Under this line sits a listing. Repeat exactly and only its lines from the one holding "Product Datasheet SS18L1 Antibody NBP1-56614" through the one holding "The slopes of Mount Elbrus"; skip pictures.

■ **SOURCE RECORDS**
⟨

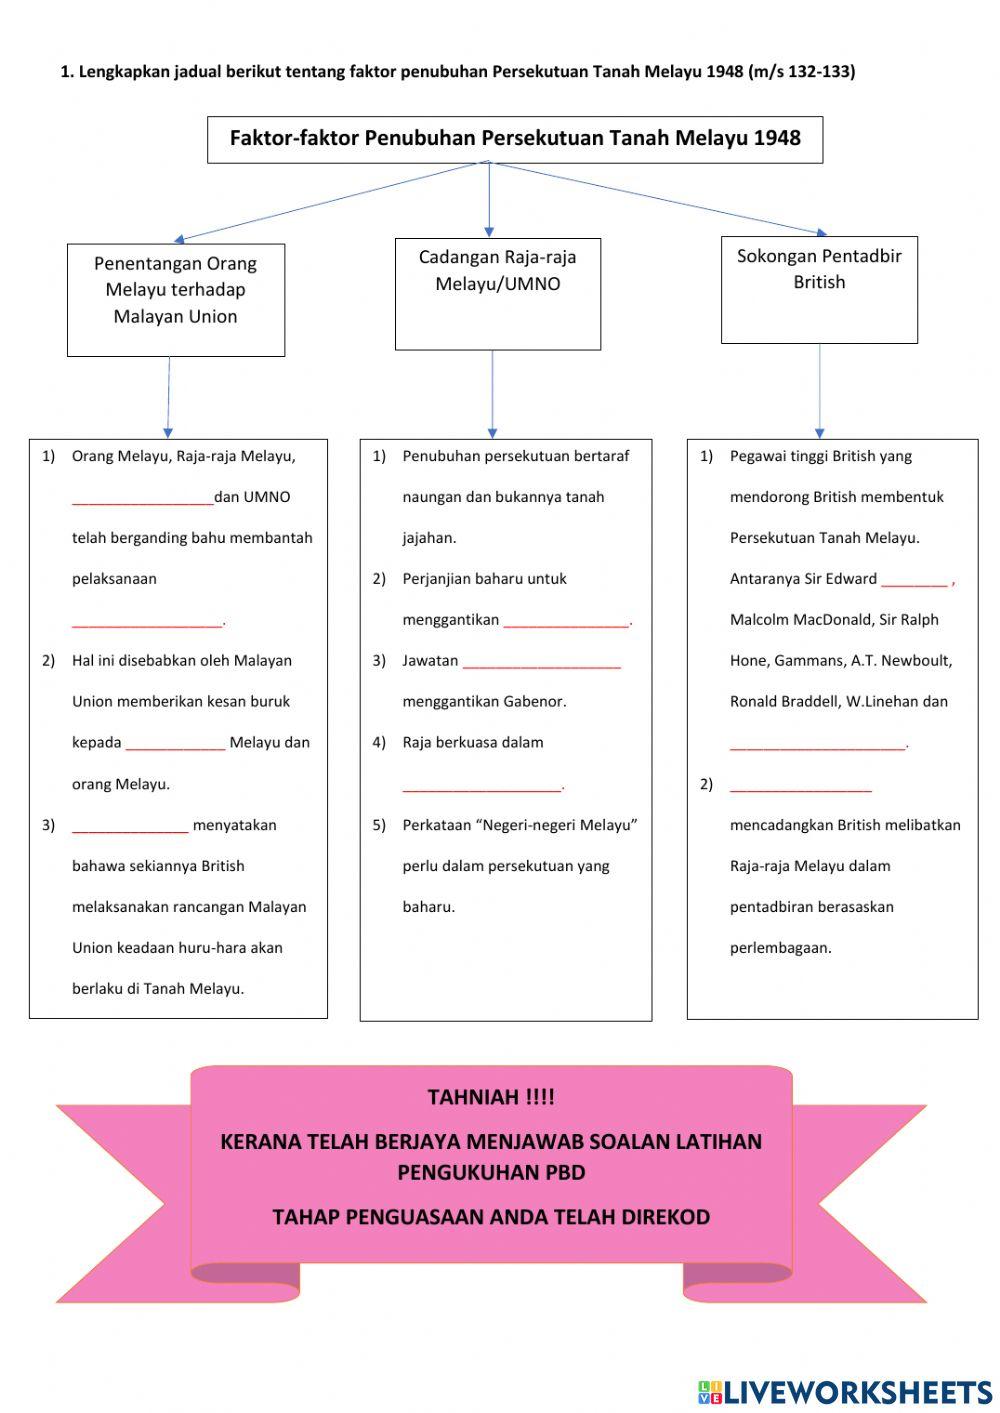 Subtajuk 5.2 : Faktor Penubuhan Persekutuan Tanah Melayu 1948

⟩
⟨

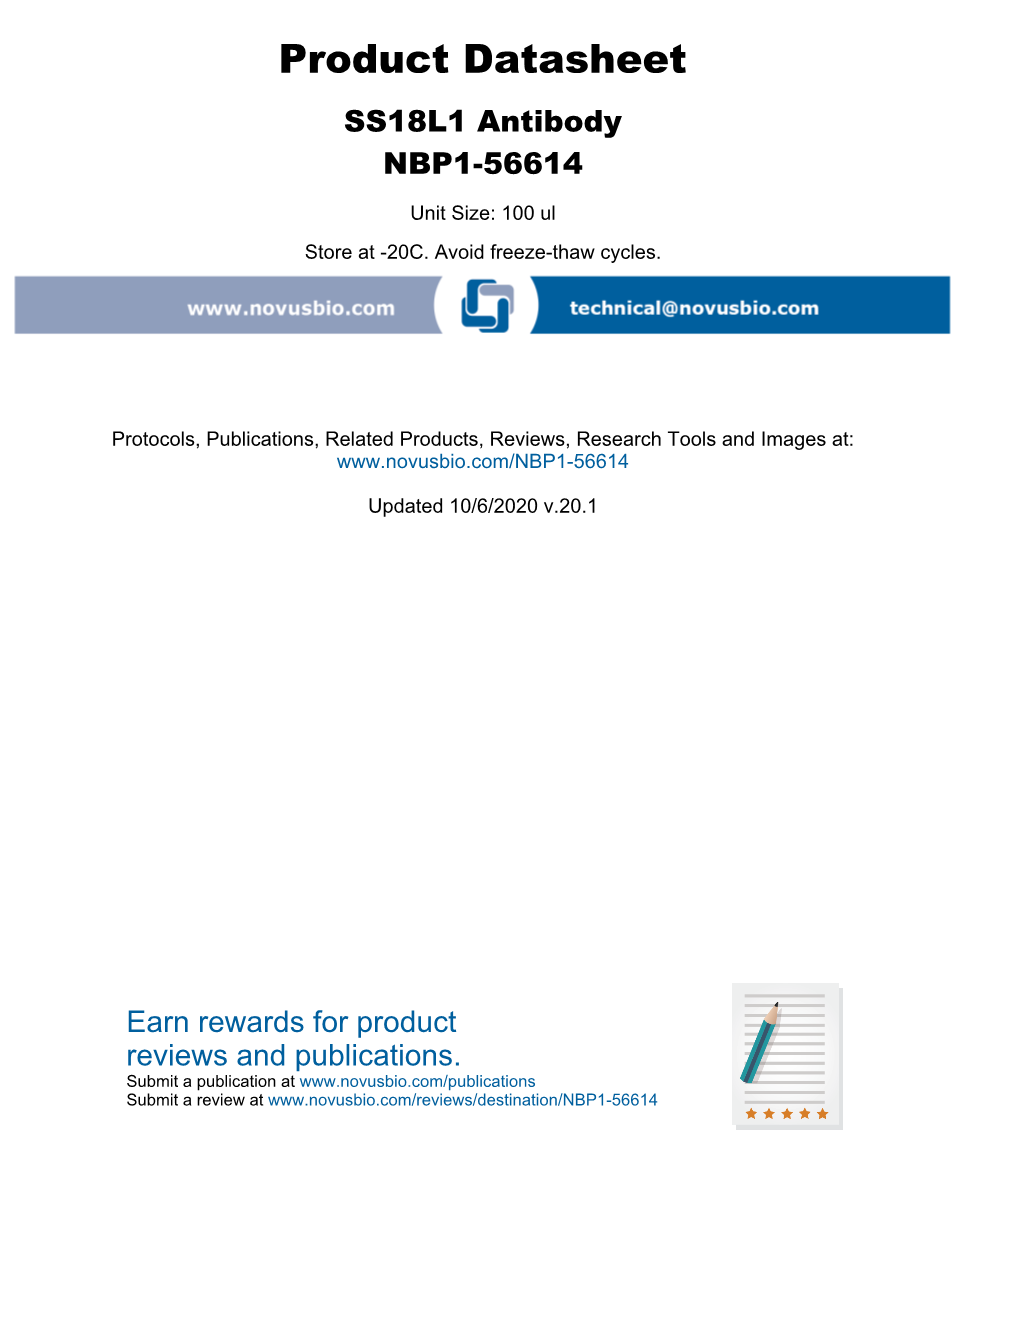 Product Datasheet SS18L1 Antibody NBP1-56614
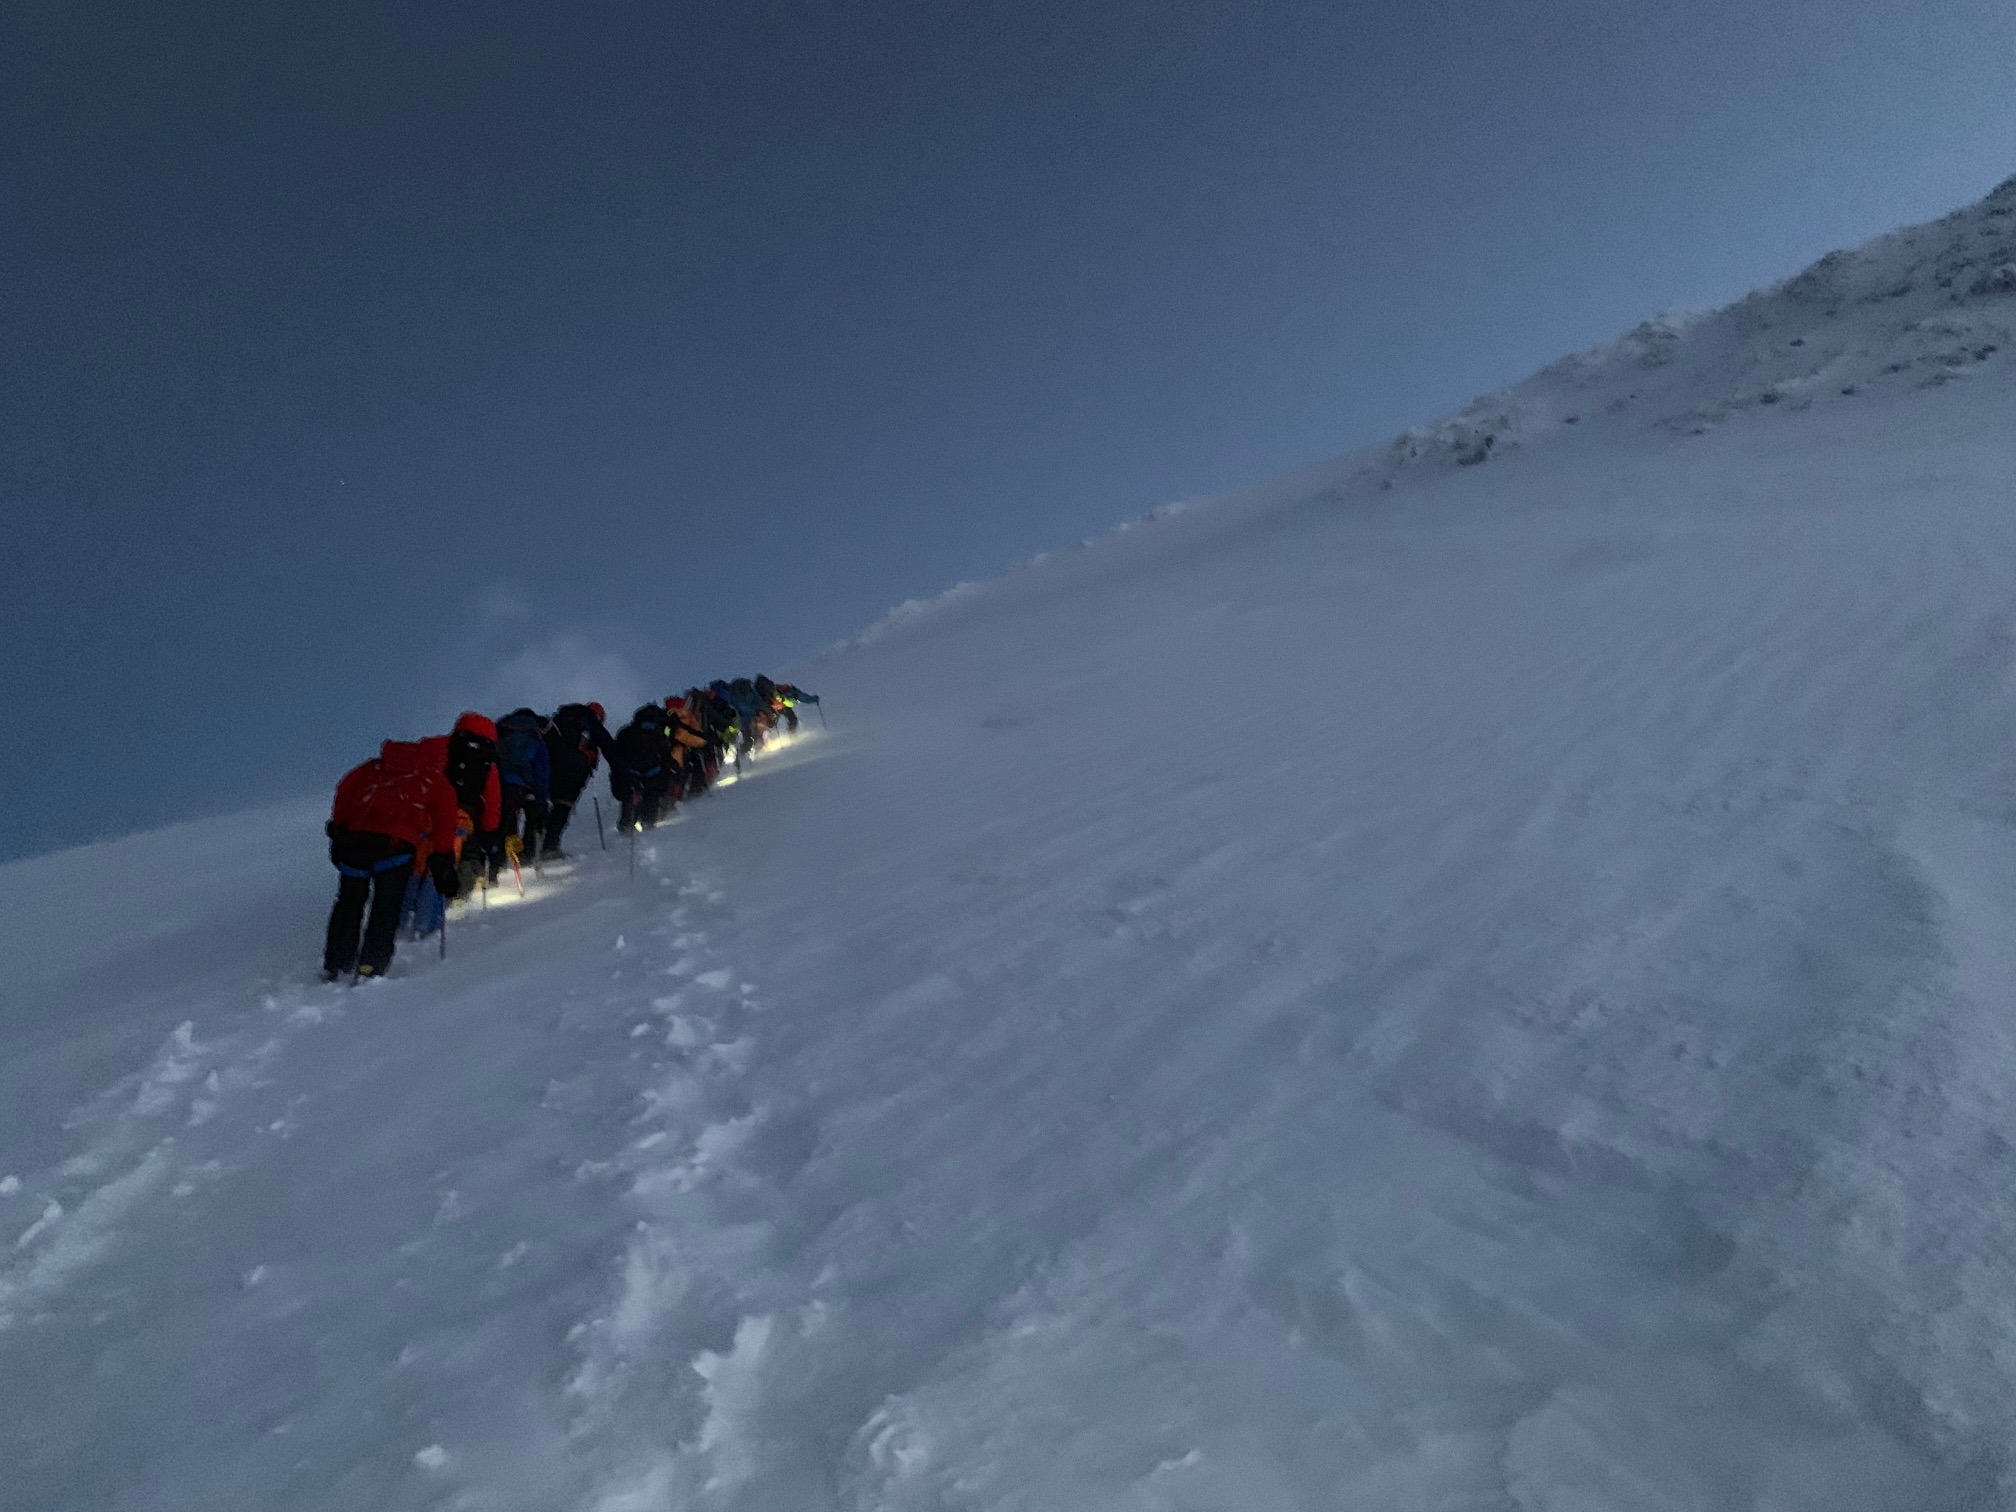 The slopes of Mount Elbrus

⟩

■ **RESPONSE AREA**
 Product Datasheet SS18L1 Antibody NBP1-56614
 The slopes of Mount Elbrus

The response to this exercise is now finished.